People can chat live online at livehelp.cancer.gov, run by the National Cancer Institute, which is available 8 a.m. to 11 p.m. ET Monday through Friday.
A review by the Cochrane Database, which evaluates medical evidence, last year found that these text messages increase quit rates.
Hundreds of smartphone apps also offer to help smokers quit.
Reviews haven't been glowing.
Few of these apps include proven quitting strategies, such as those endorsed by the U.S. Public Health Service, according to a study in the December issue of the American Journal of Preventive Medicine. Only a handful of apps suggest medication. And none suggest calling a quit line.
Perhaps the most controversial quitting strategy involves electronic cigarettes, or e-cigarettes. These are battery-powered devices shaped like cigarettes, but containing no tobacco. Instead, they use a heating element to vaporize a liquid that contains nicotine, and sometimes other flavors. Advocates of e-cigarettes say they're safer than tobacco. Critics note that FDA tests have found that some e-cigarettes contain carcinogens and other toxic chemicals.
Studies about using e-cigarettes to quit have produced mixed results.
In a December editorial in The New England Journal of Medicine, doctors from the Columbia University Mailman School of Public Health in New York note that "some studies suggest that the majority of e-cigarette users treat them as cessation aidsand report that they've been key to quitting smoking."
Stanton Glantz, a professor at the University of California-San Francisco, says that evidence suggests e-cigarettes act more like a "bridge," allowing people to light up in restaurants and other places where tobacco isn't allowed.
Glantz notes that several population-based studies of e-cigarettes have found that adults and kids who try e-cigarettes are less likely to quit than others.
A September study in The Lancet, however, found that e-cigarettes were about as effective as nicotine patches when smokers tried to quit. About 4% to 7% of smokers quit smoking, whether they were assigned to use e-cigarettes, nicotine patches or placebo e-cigarettes.
And while many public health officials stand firmly against e-cigarettes, Richard Carmona, the former U.S. Surgeon General, joined the board of an e-cigarette company because he predicts that e-cigarettes will help reduce tobacco use.
"I think they are probably going to be somewhat useful," Glynn says. "They will probably help some people stop."
Others strongly disagree.
Given that e-cigarettes have no advantages over FDA-approved nicotine-replacement products, there's no reason for smokers to use them while trying to quit, says Erika Sward, the lung association's assistant vice president for national advocacy.
Although the FDA has announced its intention to regulate them, the e-cigarette business today is akin to the Wild West, and users don't really know what they're inhaling, she says.
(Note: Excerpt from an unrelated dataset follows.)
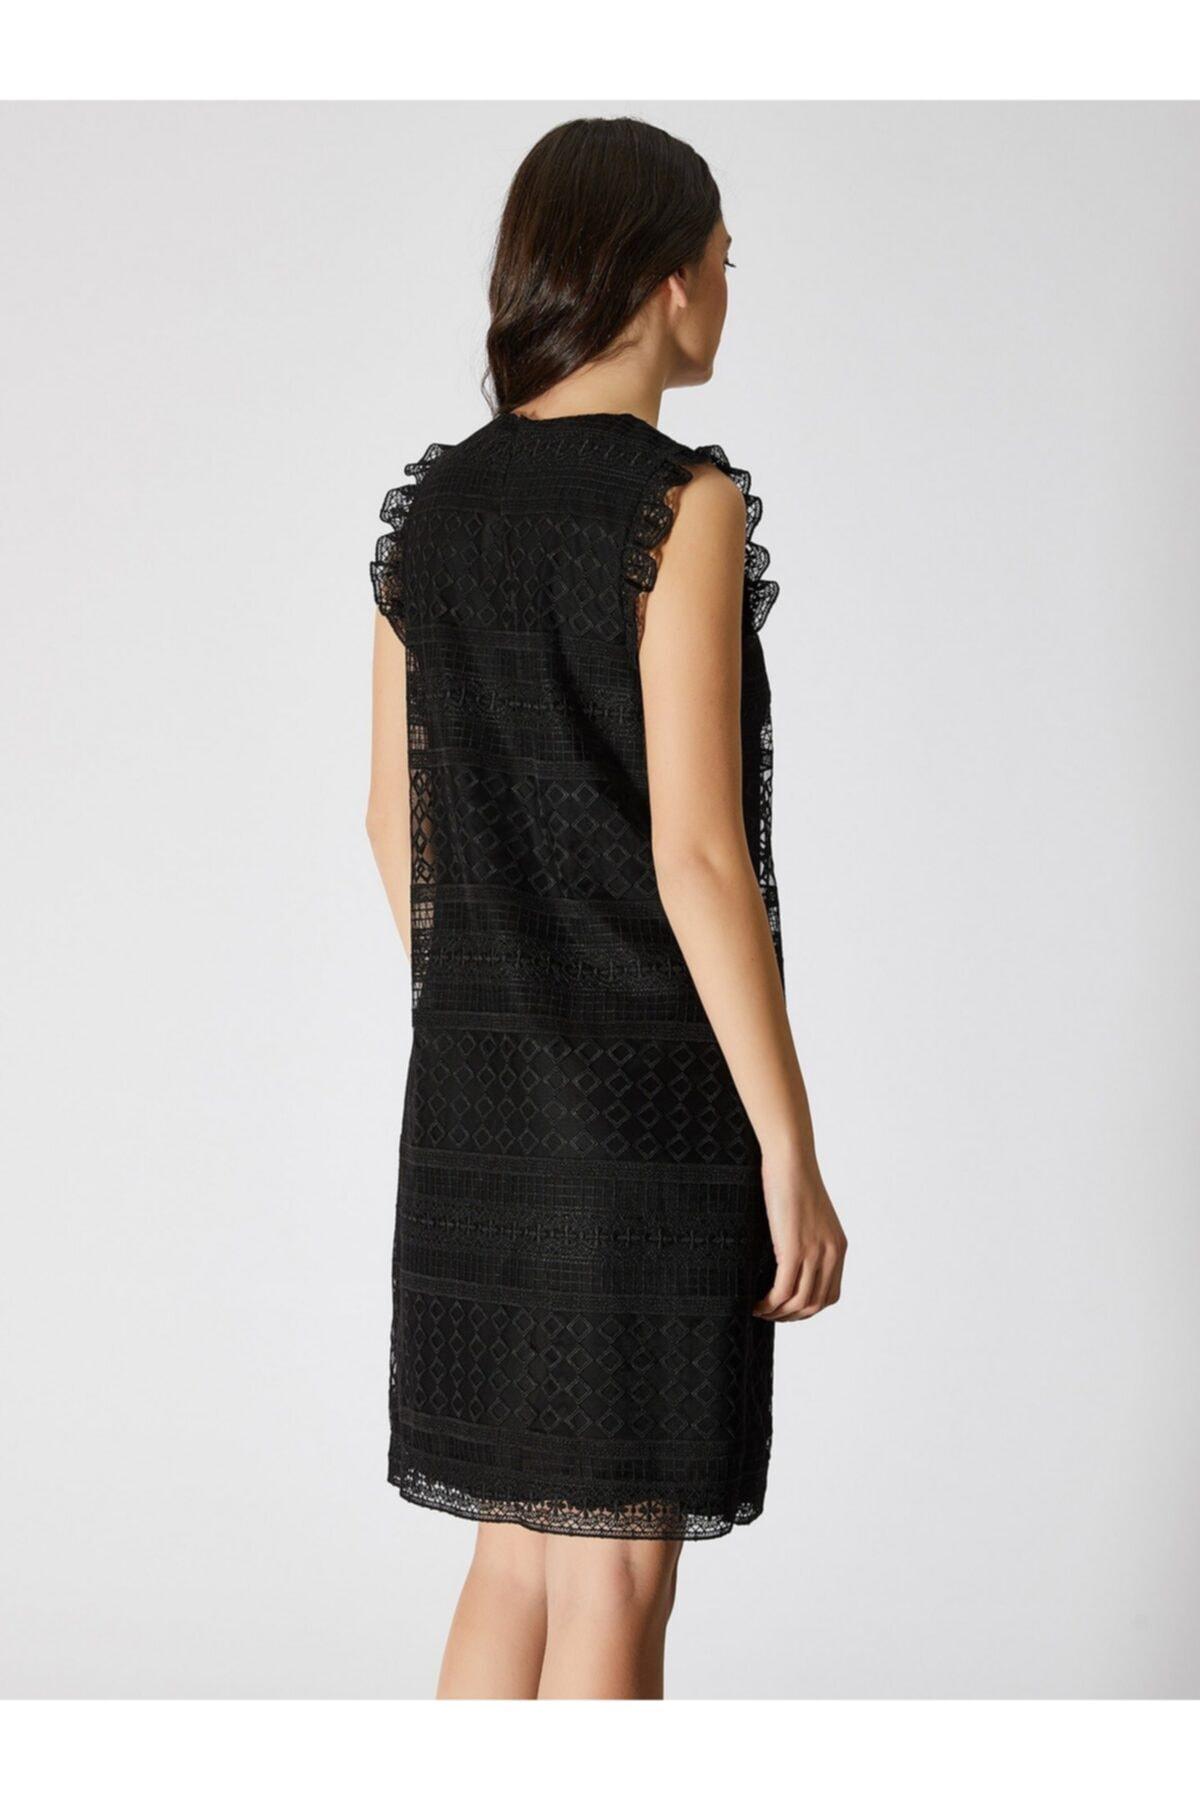 Vekem Kadın Siyah Kolsuz Dantel Elbise 9109-0083 2
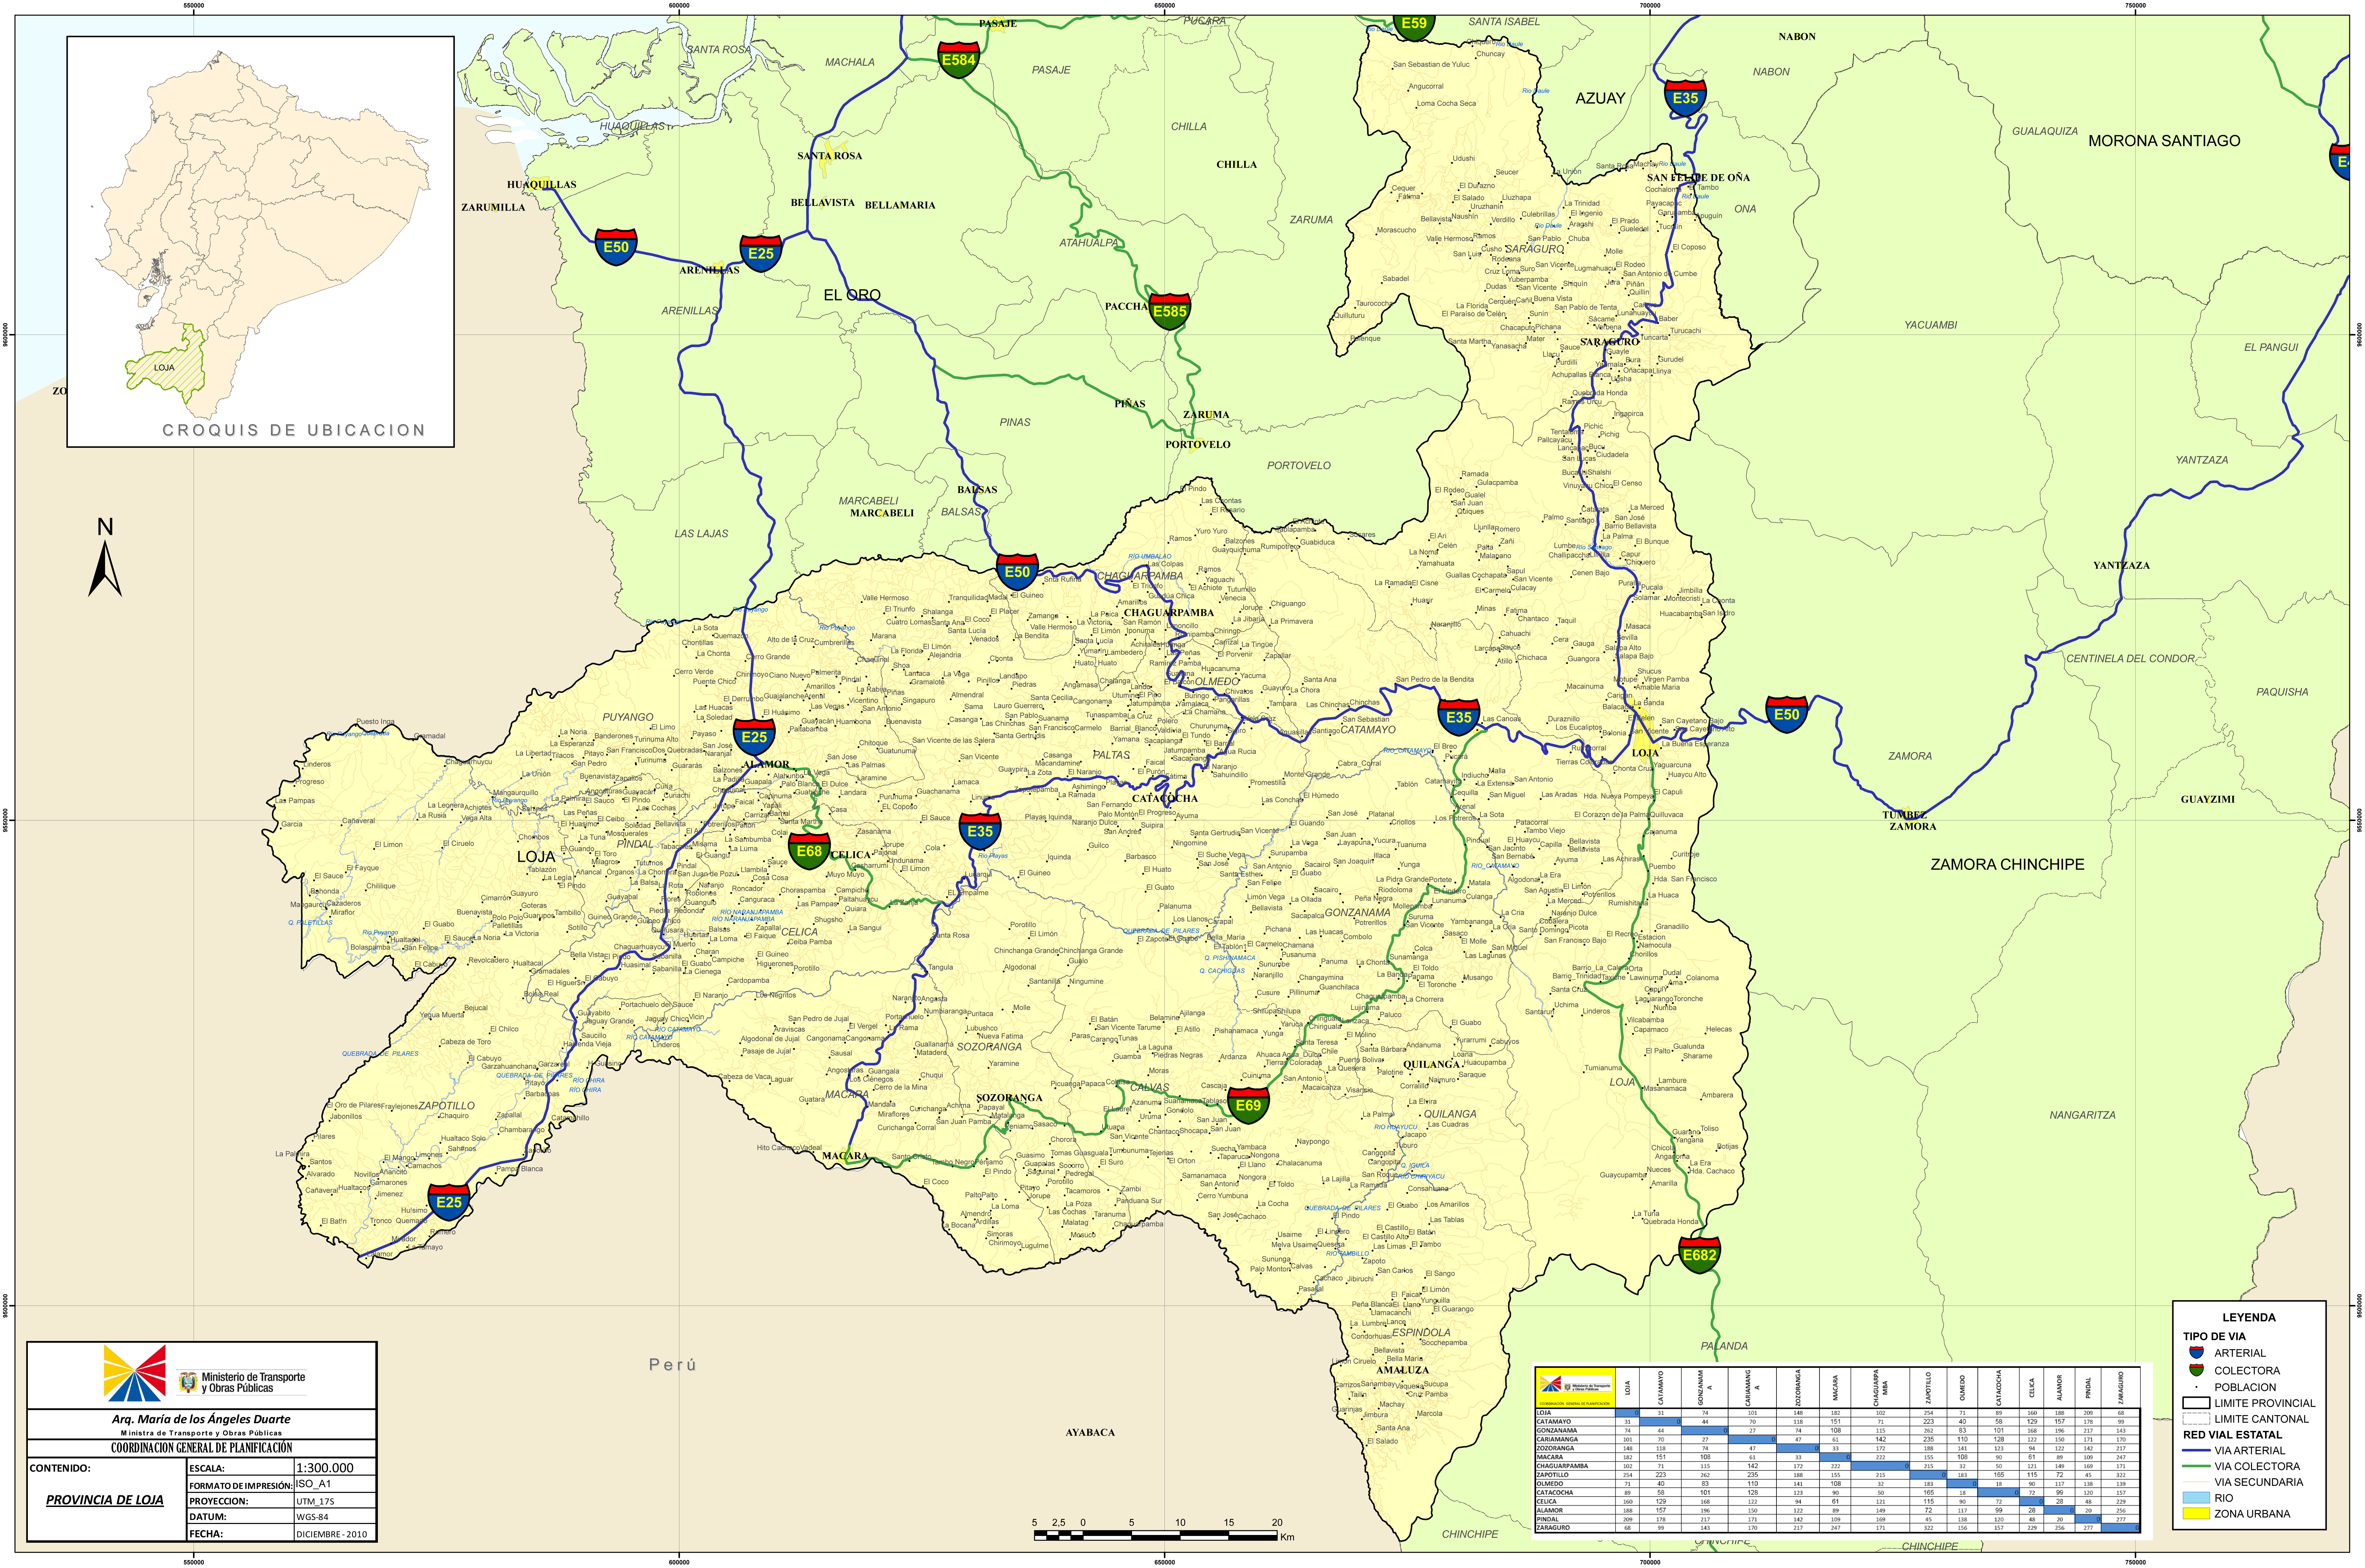 Map of Loja 2010

Ingredients or contaminants could vary from one e-cigarette to another.
"We don't know what's in e-cigarettes," Sward says. "We don't know what the long-term health consequences are."
Tobacco experts agree on one essential point about quitting: the importance of persistence.
Few people quit smoking on the first try. In fact, the average smoker makes seven to nine attempts before quitting for good, Blatt says. Instead of blaming themselves for a slip, he says, people should analyze what made them want to smoke, then try to avoid these triggers.
About 70% of smokers want to quit. And 50 million Americans already have. In fact, former smokers now outnumber the country's 44 million smokers, Glynn says. If people slip up, they should try to get back to their plan as soon as possible, rather than give up.
Glynn says he advises people to "start thinking of yourself as a non-smoker who is on the journey of a lifetime."